Source material.
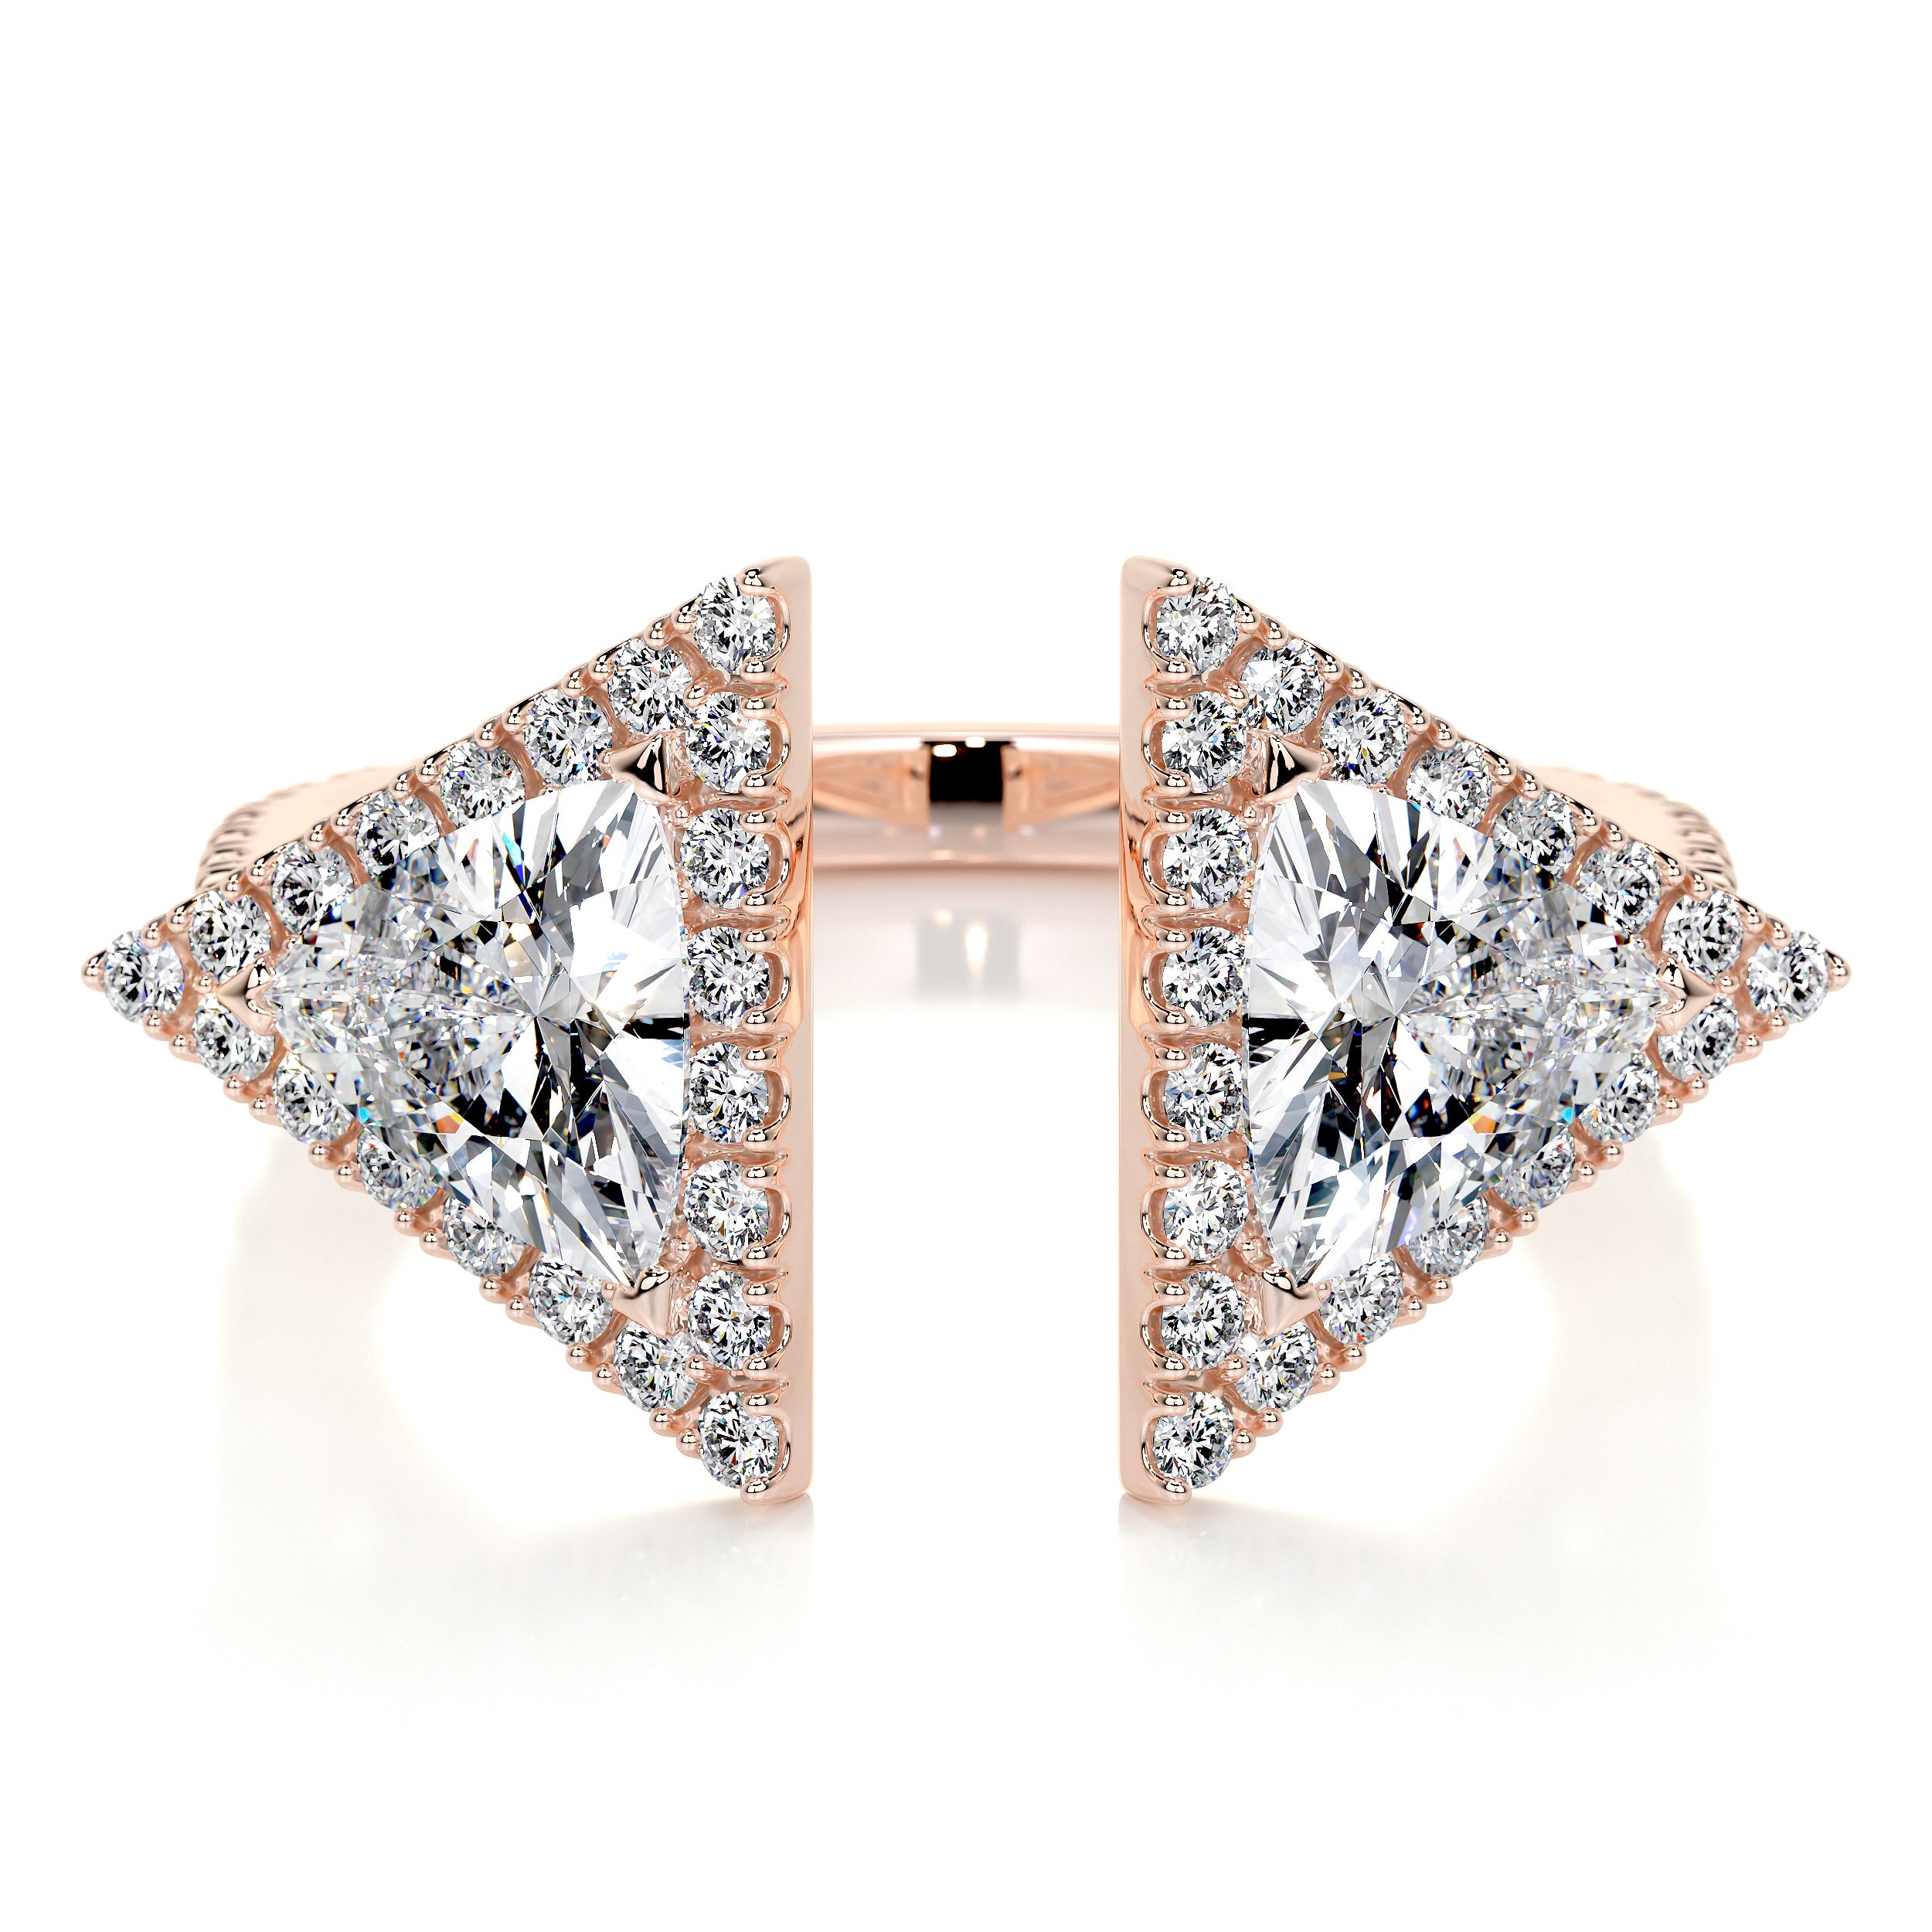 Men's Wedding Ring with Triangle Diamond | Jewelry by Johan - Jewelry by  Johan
---
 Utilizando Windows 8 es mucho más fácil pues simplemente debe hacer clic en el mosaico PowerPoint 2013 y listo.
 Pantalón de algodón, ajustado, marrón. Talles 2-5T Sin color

Problem. All that belongs in your answer is the stretch of entries above from the line with "Utilizando Windows 8" through the line with "Pantalón de algodón, ajustado, marrón.", printed exactly.

Exercise solution.
 Utilizando Windows 8 es mucho más fácil pues simplemente debe hacer clic en el mosaico PowerPoint 2013 y listo.
 Pantalón de algodón, ajustado, marrón. Talles 2-5T Sin color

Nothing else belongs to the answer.